Disclosure of Invention

The invention aims to solve the technical problems of inconvenient transportation and inconvenient maintenance caused by overlarge fan blades of a wind power generation device, and effectively improves the energy conversion efficiency.

In order to solve the technical problems, the invention adopts the following technical scheme: the wind power generation device comprises a top guide ring, a guide support assembly, a bottom guide assembly and a spherical fan assembly, wherein the top guide ring is connected with the bottom guide assembly through the guide support assembly, and a containing space is enclosed by the top guide ring, the guide support assembly and the bottom guide assembly;

the guide support assembly is provided with a longitudinal air duct, and the longitudinal air duct is used for guiding air flowing through to the accommodating space;

the bottom flow guide assembly is provided with a transverse air channel which is used for guiding air flowing through to the accommodating space;

the spherical fan assembly is arranged in the accommodating space and is used for being connected with an externally connected power generation structure.

Further, the flow guiding support assembly comprises a shear structure column and first flow guiding plates arranged on two sides of the shear structure column, the longitudinal air channel is formed between the shear structure column and the first flow guiding plates on two sides of the shear structure column, one end of the shear structure column is connected with the top flow guiding ring, and the other end of the shear structure column is connected with the bottom flow guiding assembly;

one end of the shear structure column is connected with the top guide ring, and the other end of the shear structure column is connected with the bottom guide assembly.

Further, the flow guiding support assemblies are provided with four groups, and the adjacent flow guiding support assemblies are distributed at intervals and enclose the accommodating space.
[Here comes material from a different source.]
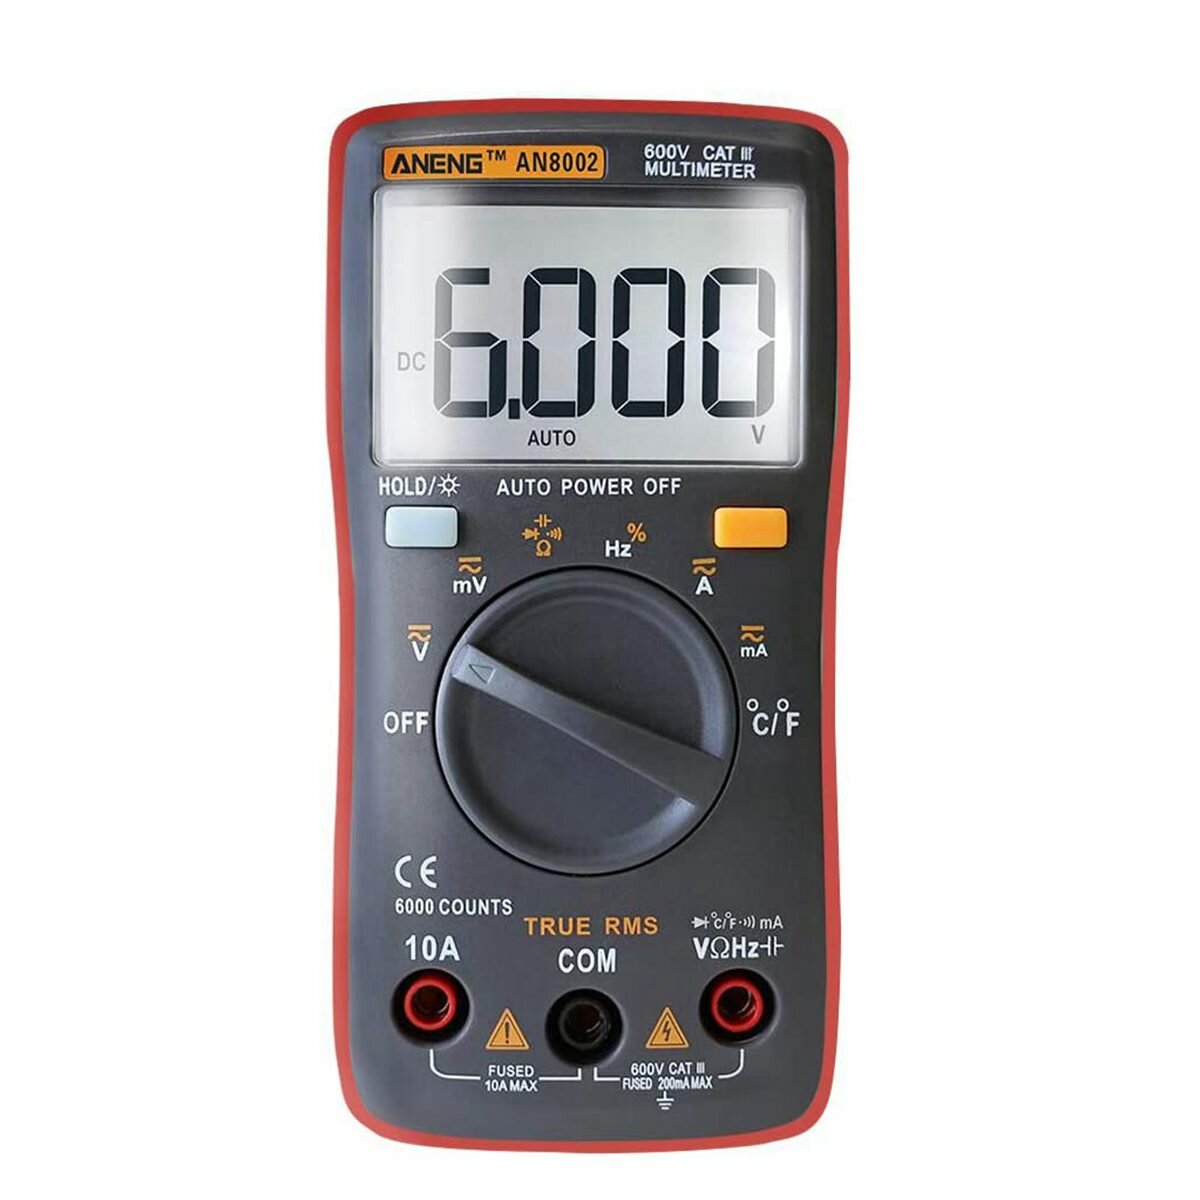 ANENG AN8002 Digitale True RMS 6000 Counts Multimeter AC/DC Stroom Spanning Frequentie Weerstand Tem
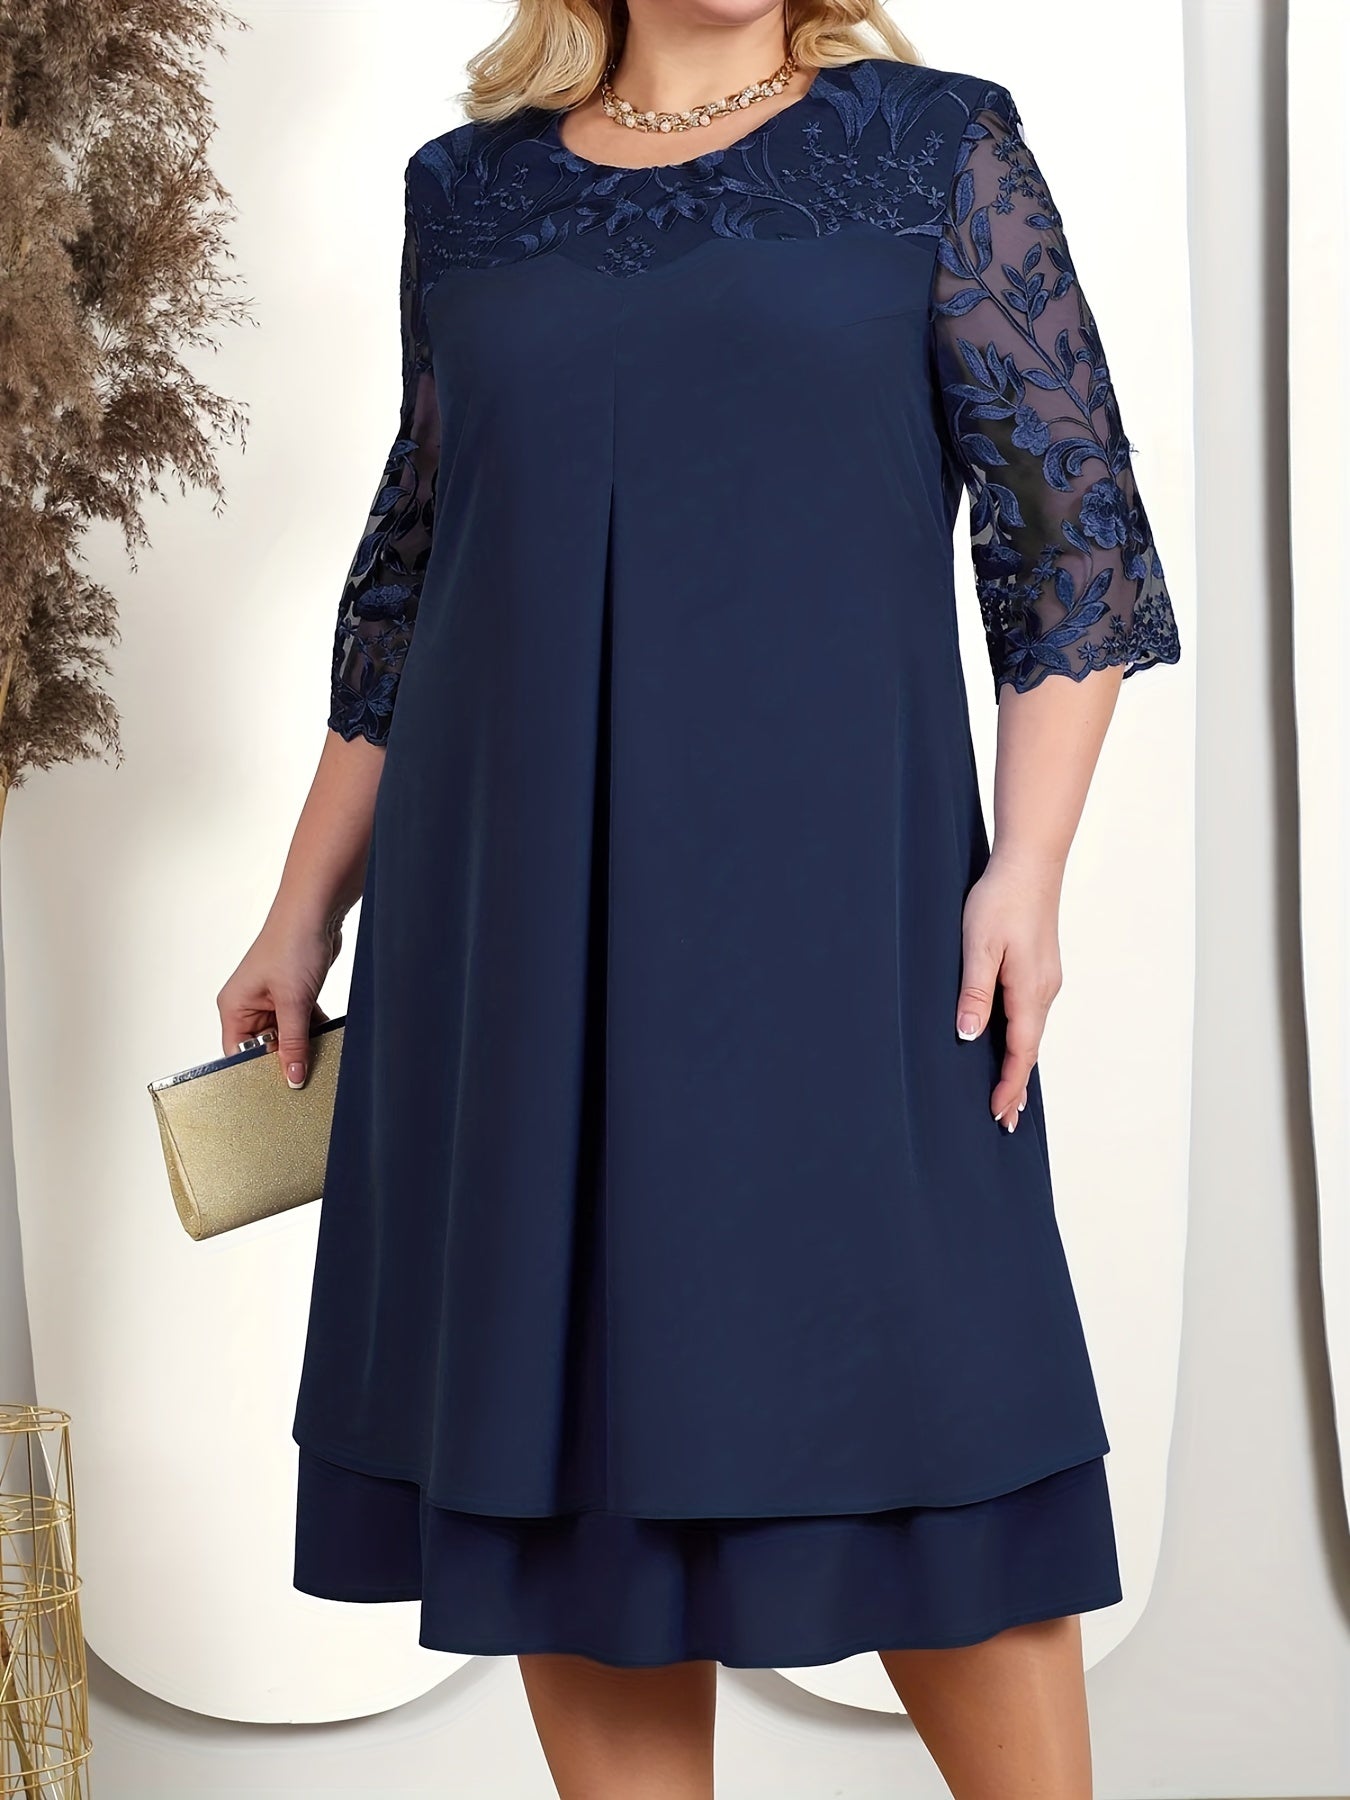 Antmvs Plus Size Casual Dress, Women's Plus Solid Contrast Lace Jacquard Half Sleeve Round Neck Layered Dress

Further, the bottom flow guiding assembly comprises a second flow guiding plate, and two ends of the second flow guiding plate are respectively connected with the adjacent flow guiding support assemblies;

the second guide plate is used for guiding the flowing air to the accommodating space.

Further, the bottom flow guiding assembly further comprises a plurality of draft chimneys, the plurality of draft chimneys are sequentially connected between the adjacent shear structure columns, and the draft chimneys at two ends are respectively connected with the corresponding shear structure columns.

Further, the bottom flow guiding assembly further comprises a pressure flow conversion plate, two ends of the pressure flow conversion plate are respectively connected with the corresponding shear structure columns, and the transverse air channel is formed between the pressure flow conversion plate and the second flow guiding plate;

the draft chimney is arranged between the pressure flow conversion plate and the second guide plate.

Further, the bottom flow guiding assembly further comprises an energy storage bin, wherein the energy storage bin is connected with the shear structure column, and the energy storage bin is used for accommodating the power generation structure.

Further, an air inlet is arranged between the energy storage bin and the pressure flow conversion plate, and the air inlet is communicated with the accommodating space.

Further, the spherical fan assembly comprises fan blades and a rotating shaft, wherein the fan blades are arc-shaped blades, and the fan blades are connected with one end of the rotating shaft;

one end of the rotating shaft, which is far away from the fan blade, is used for being connected with the power generation structure.

Further, the spherical fan assembly further comprises a supporting rod, one end of the supporting rod is connected with the free end of the fan blade, and the other end of the supporting rod is connected with the rotating shaft.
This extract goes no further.